→ Source data:
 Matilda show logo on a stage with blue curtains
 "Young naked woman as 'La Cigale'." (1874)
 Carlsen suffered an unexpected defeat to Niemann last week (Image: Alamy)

* * *

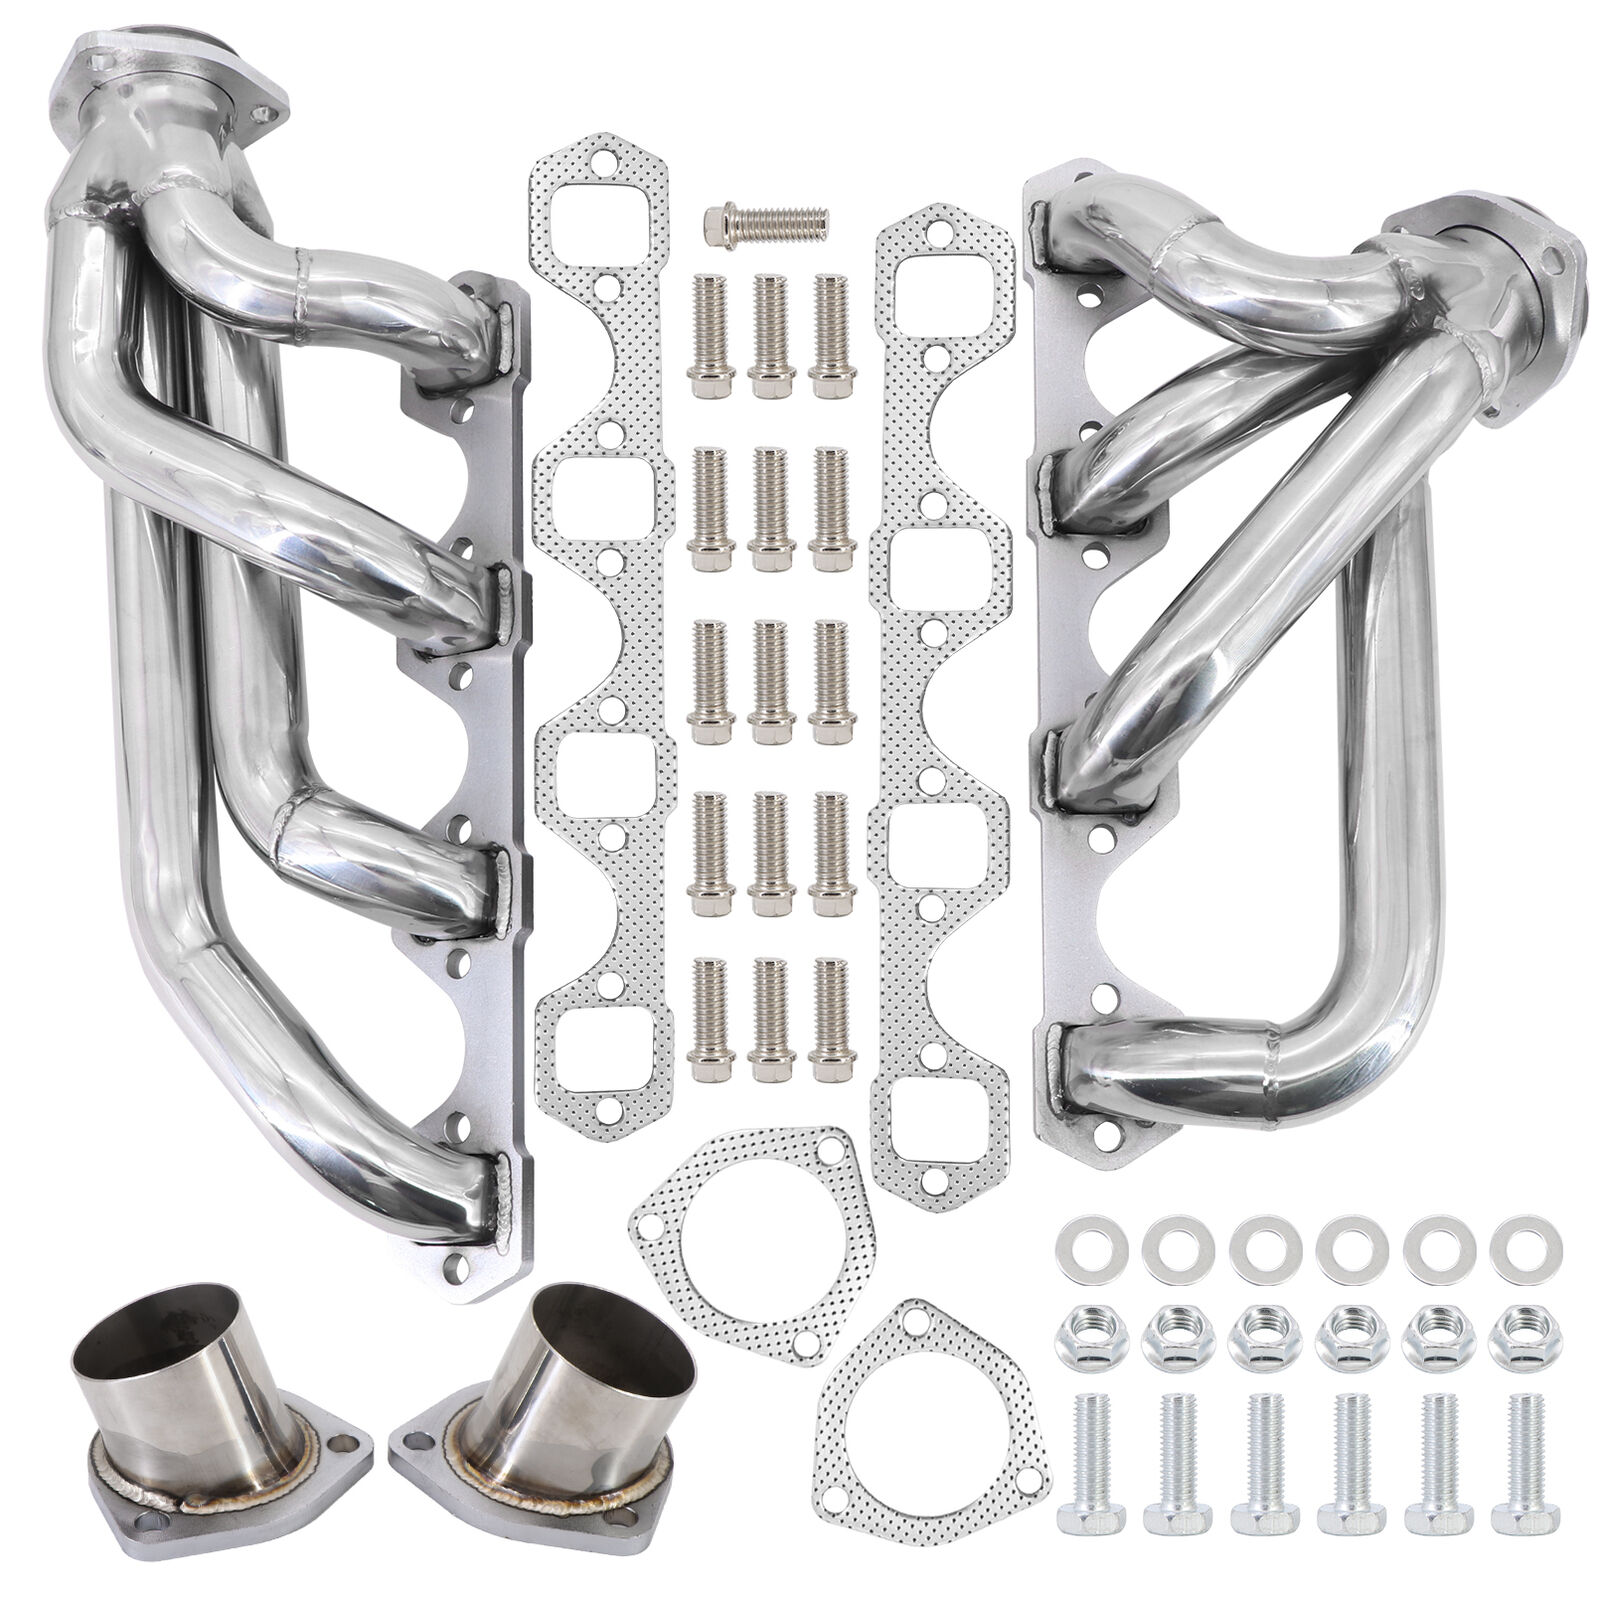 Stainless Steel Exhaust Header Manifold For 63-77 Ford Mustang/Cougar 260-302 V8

→ Task item:
The lines above starting at the one that contains "Matilda show logo" and ending at the one that contains "Carlsen suffered an" must be transcribed exactly, and no other lines may appear.

→ Response:
 Matilda show logo on a stage with blue curtains
 "Young naked woman as 'La Cigale'." (1874)
 Carlsen suffered an unexpected defeat to Niemann last week (Image: Alamy)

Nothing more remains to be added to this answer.